Мы живём в раю. Его стихи это убедительно доказывают.
У этих стихов есть настолько редкая черта — они никогда не жалуются на жизнь. Видеть и принимать так, как есть. Разглядеть явление с пристальным вниманием. Изучить. И действовать, если это возможно. Собственно, это подробное и глубокое восприятие действительности поэтом — уже действие, оно само по себе преобразует мир.
Книжка начинается прекрасным геофизическим стихотворением
с апокалиптическим пафосом. «Сверхновая».
Когда холодные циклоны уже утихнут над землей,
и станет мхом на южных склонах перегоревший рыжий слой,
замельтешат в пещерах крылья, покинет отмели отлив
уже с одной свинцовой пылью…
Когда, коросту соскоблив,
перетерев бетон на щебень в пространствах всех материков,
пойдет назад лиловый гребень тысячелетних ледников…
Когда из почв, насквозь прогорклых, из глубины, из черноты,
на остеклованных пригорках родятся странные цветы,
в кустарниках пролягут тропы, проснутся шорохи… Когда
в огромных кратерах Европы заплещет талая вода…
Когда в долине Потомака, встречая свой последний день,
разумная полусобака ударит кремнем о кремень,
и задымит трава сухая, восторгом шкуру ознобя…
…тогда нависнет, распухая, распространяя из себя
испепеляющее пламя, слепящий смертоносный жар,
над океаном, полюсами, над вспыхнувшими волосами
непредставимо колоссальный
кошмарный ШАР.
Поэт — это тот, кто не боится писать о войне, о любви, о смерти, о времени. Собственно, именно так и делится на главы эта книга. Автор решается писать о самом сложном. Где и статьи было бы мало. А стихи ведь могут куда больше, как известно. «Уникальный инструмент познания». Просто у него есть уверенность в том, что любая тема по плечу. Самая неподъёмная, за иную и браться бы страшно. Именно стихом. Уверенность мастера.

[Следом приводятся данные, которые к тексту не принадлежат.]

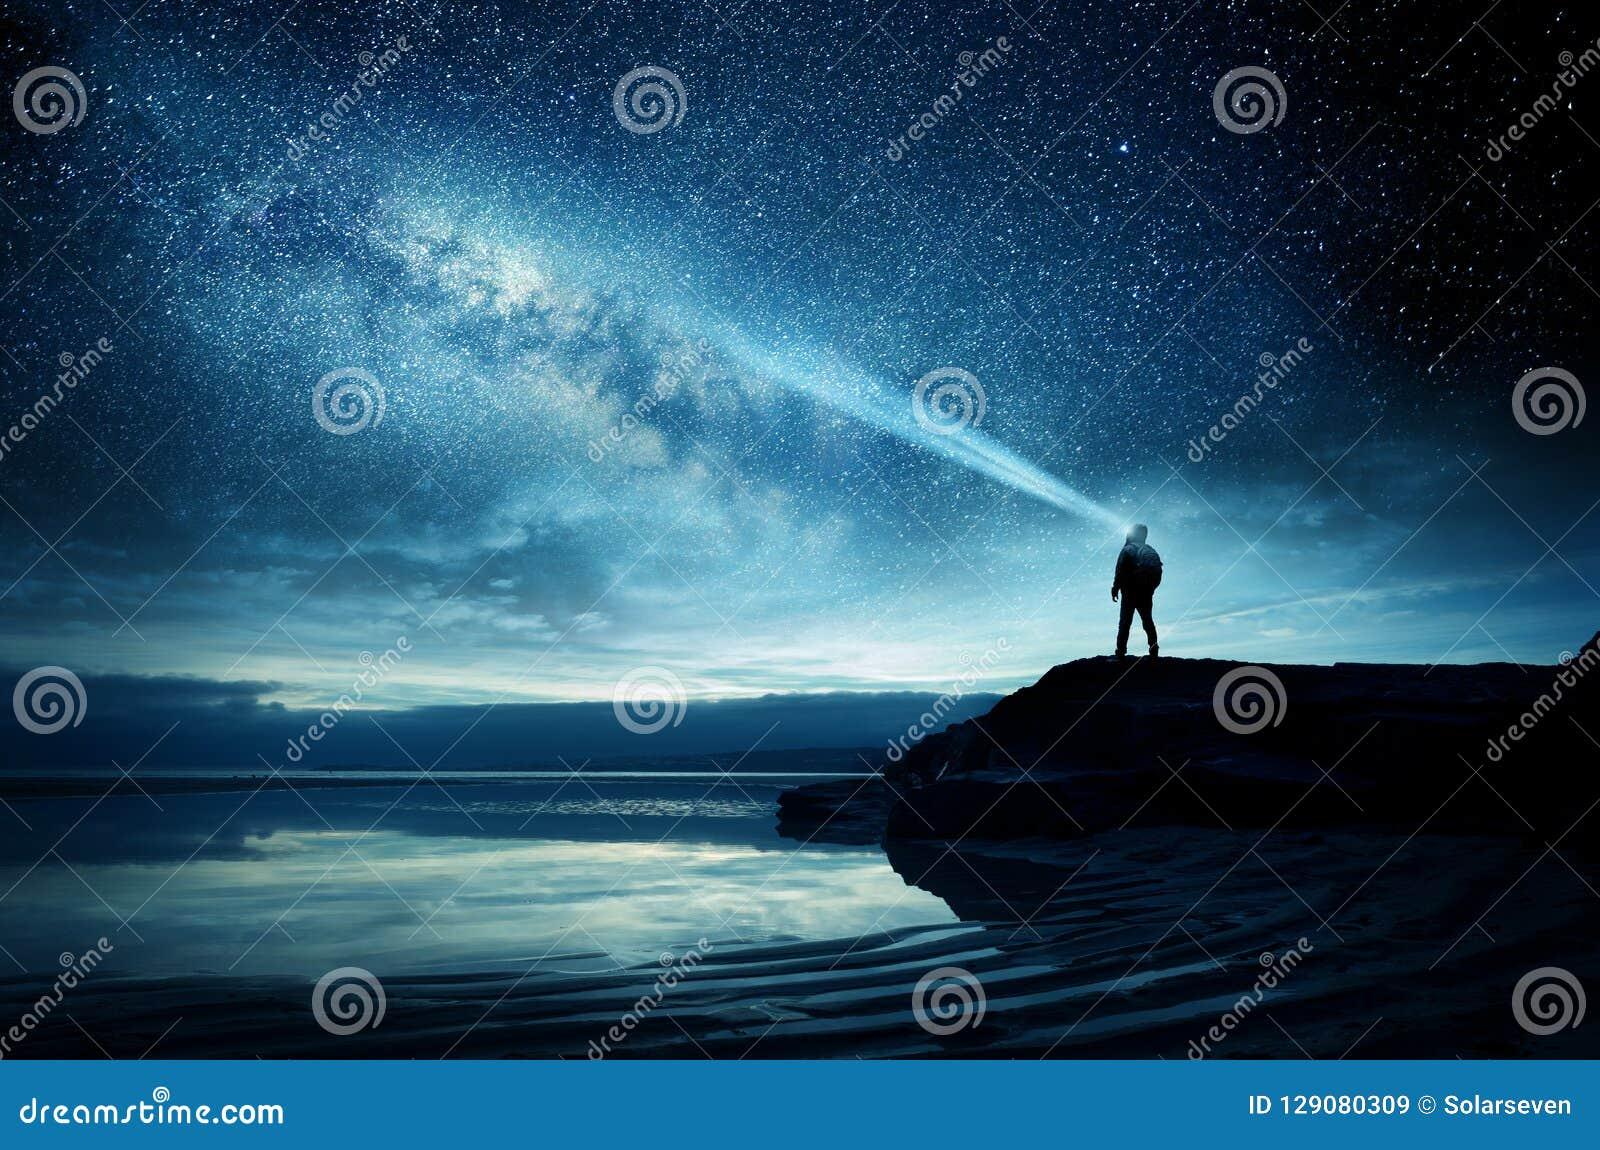 A Sky Full Of Light

Доверие стиху, который сам знает, куда вести поэта.
Это просто — логика войны — уверяет автор.
— Нам и Лета — по колено, по шнуровку — Стикс!
За прекрасную Елену, за идею-фикс -
шире шаг! За плечи ранцы! Фас, ату и пиль!

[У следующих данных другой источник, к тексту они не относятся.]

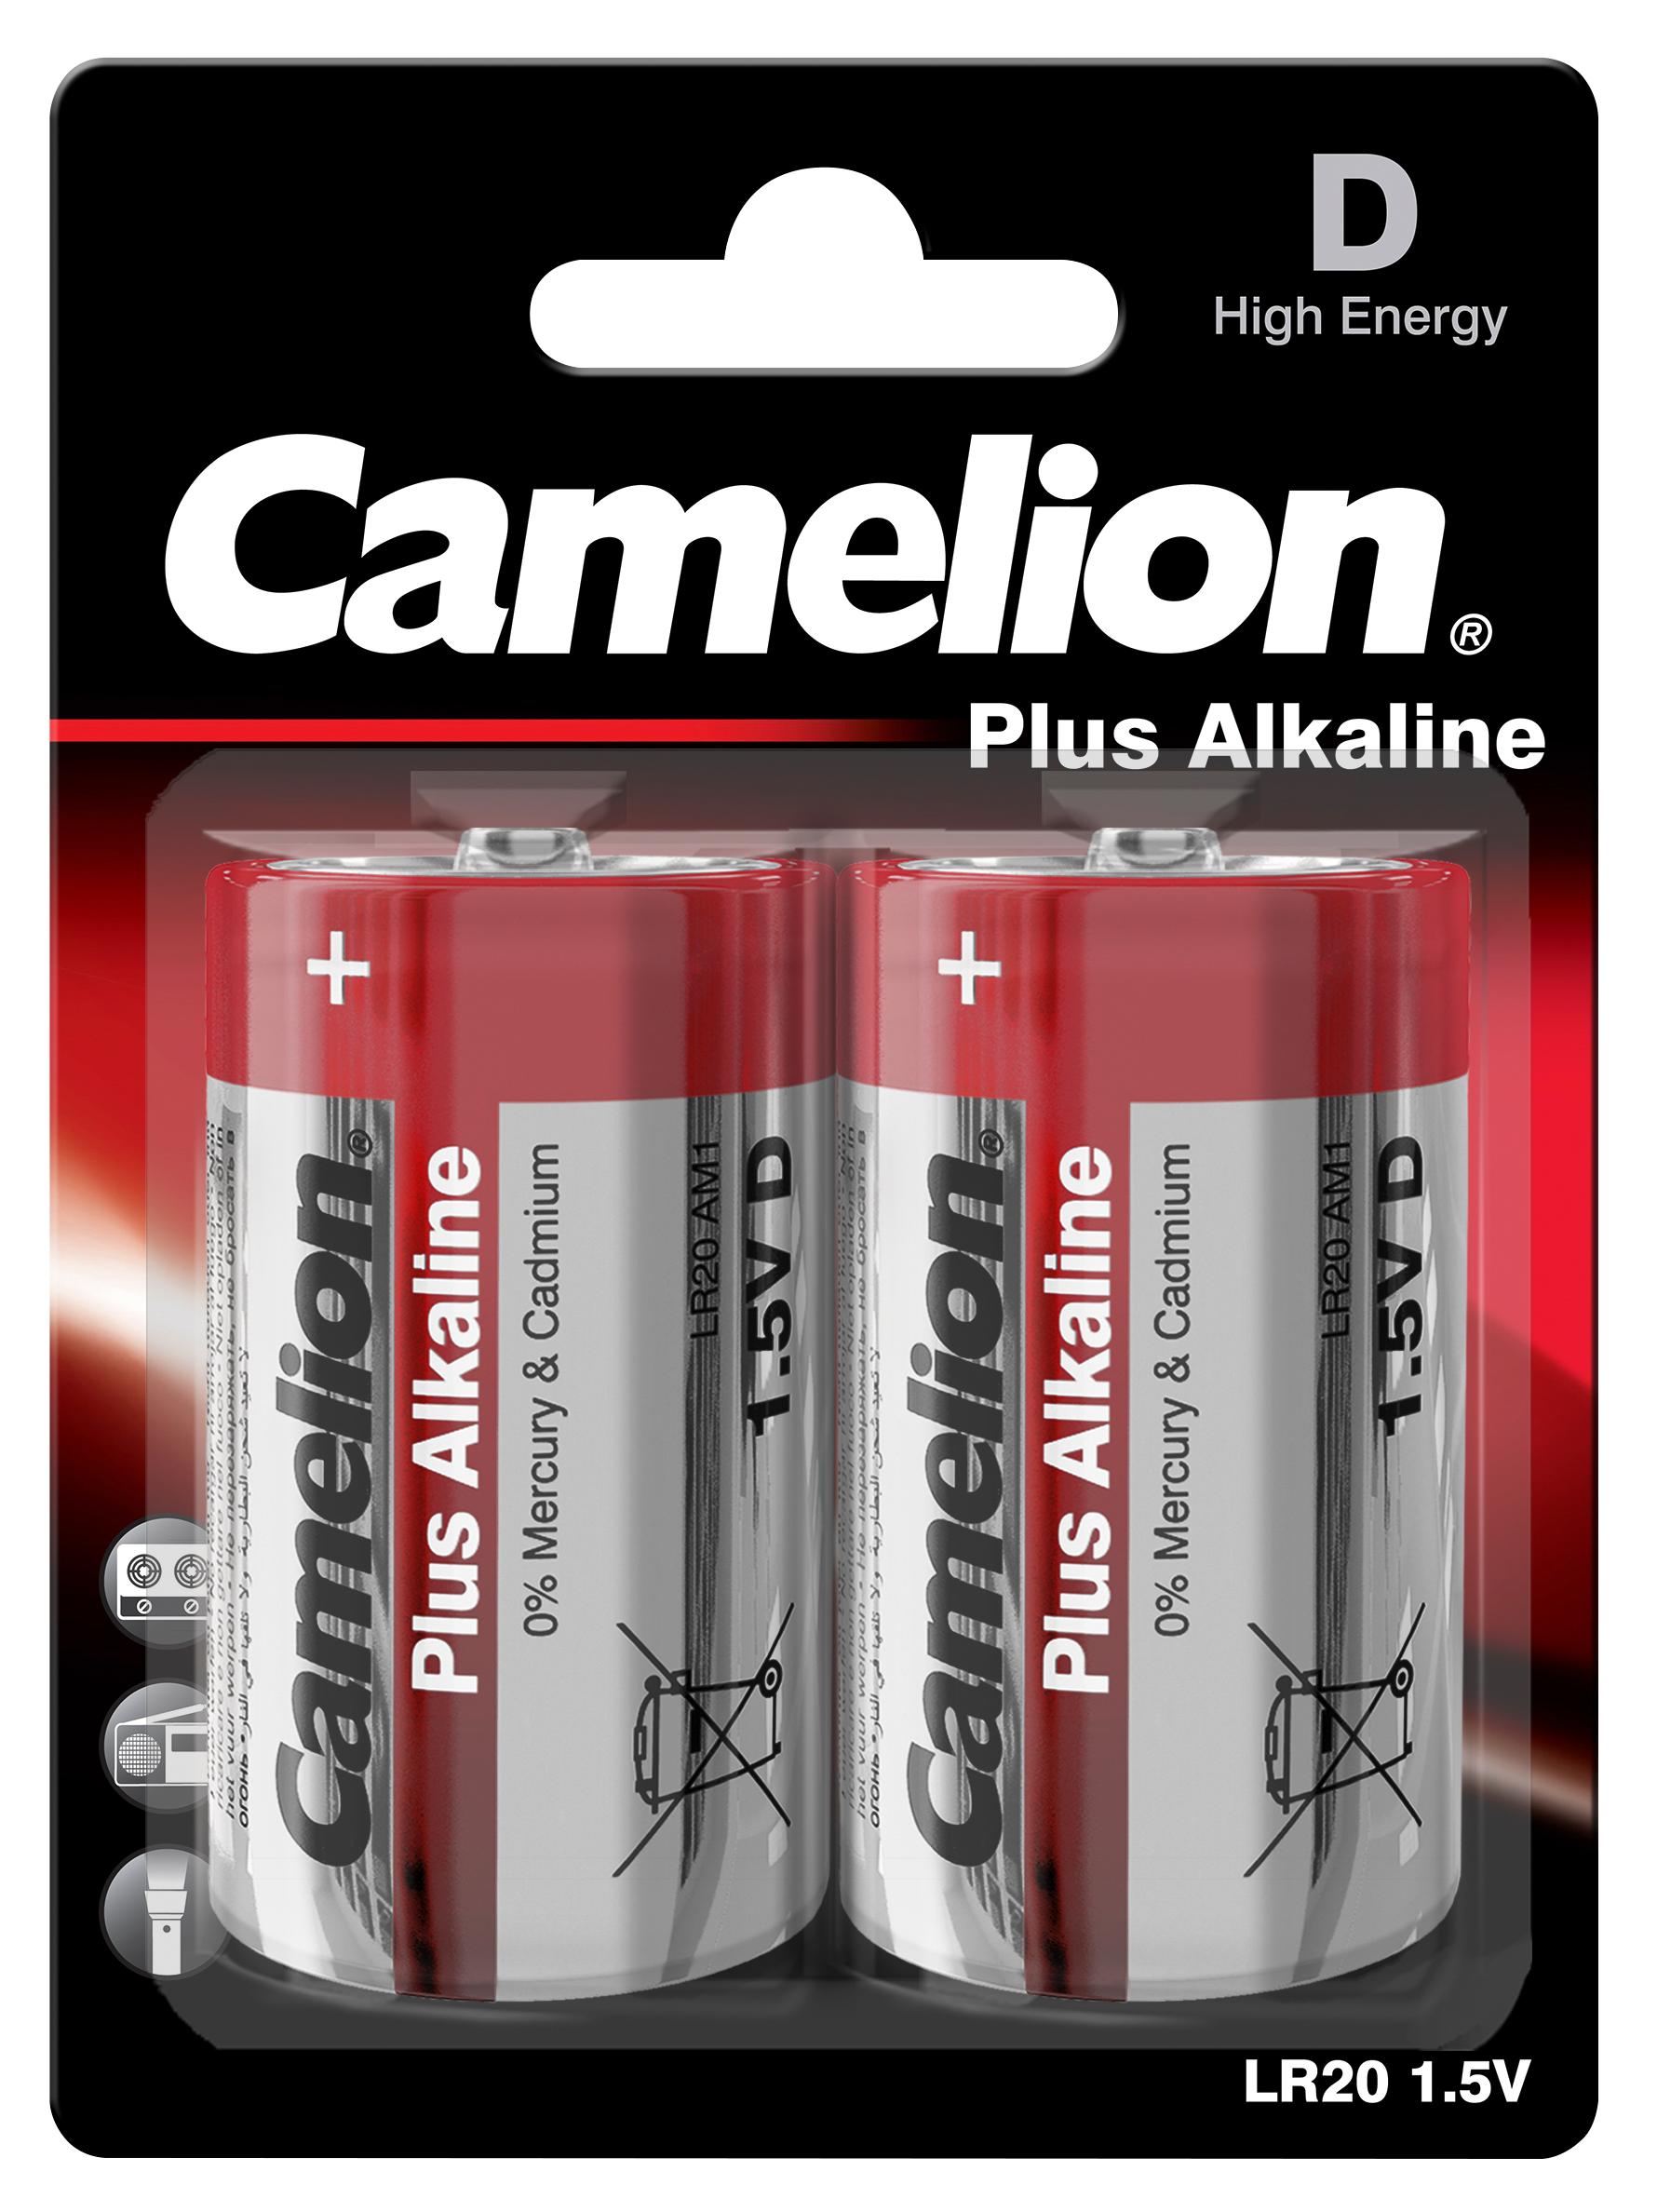 mono batterie camelion plus alkaline 1 5 v typ d lr20. Black Bedroom Furniture Sets. Home Design Ideas

Наплевать, что до поганцев десять тысяч миль!..
…С негодующим азартом, манием руки —
азиатским бонапартом двинутся полки,
чтоб не смел тащить на ложе девы молодой
этот мерзко-бледнорожий с рыжей бородой!!!
…Их начнет увещевати — эдак и растак —
благородных демократий жилистый кулак,
чтоб боялся до поноса, сам себе не рад,
черномазый, горбоносый, узкоглазый гад!!!
В стихах может звучать не только музыка.
В них иногда очень к месту лязг и скрежет, сарказм и цинизм —
для полноты картины страшного мира, для неизбежного выхода
на уровень философского, а то и мистического осмысления того,
что ожидает человечество на этом пути. «Главное — величие замысла» —
говорил Бродский. Здесь, в книге Александра Соболева, этот принцип работает по максимуму.
Он точно знает, что рукописи не горят, что все наши строчки вершат где-то там, в иных реальностях, свою главную работу, даже невостребованные здесь — они остро необходимы там. Они, по Сашиной версии бытия, продлевают вдали горные тропинки — ввысь.
они прирастают намертво. Долго ли, коротко —
становятся жилистой плотью наших судеб.
Эфирным движением духа, иной ли оказией
окажется семенами в сыром саду
и то, что впиталось бумагой, и то, что сказано,
и то, что на самом деле имел в виду.
Тут вообще много Розы мира. Мистика уместна в поэзии. Более чем. Не потому ли так смело он повелевает стихиям в своих стихах?
Метафоры его не знают границ, он двигает горы и перемещает воздушные массы
и, взгляд о луну оперев,
используя силу прилива,
мы выплеснем жажду дерев
из лиственных тел терпеливых.
Далеко континенты. Природы цари и питомцы
заняты лишь собой, и посевом драконьих зубов
прорастает история… Но от громадного солнца
изливается встречная сила, тепло и любовь.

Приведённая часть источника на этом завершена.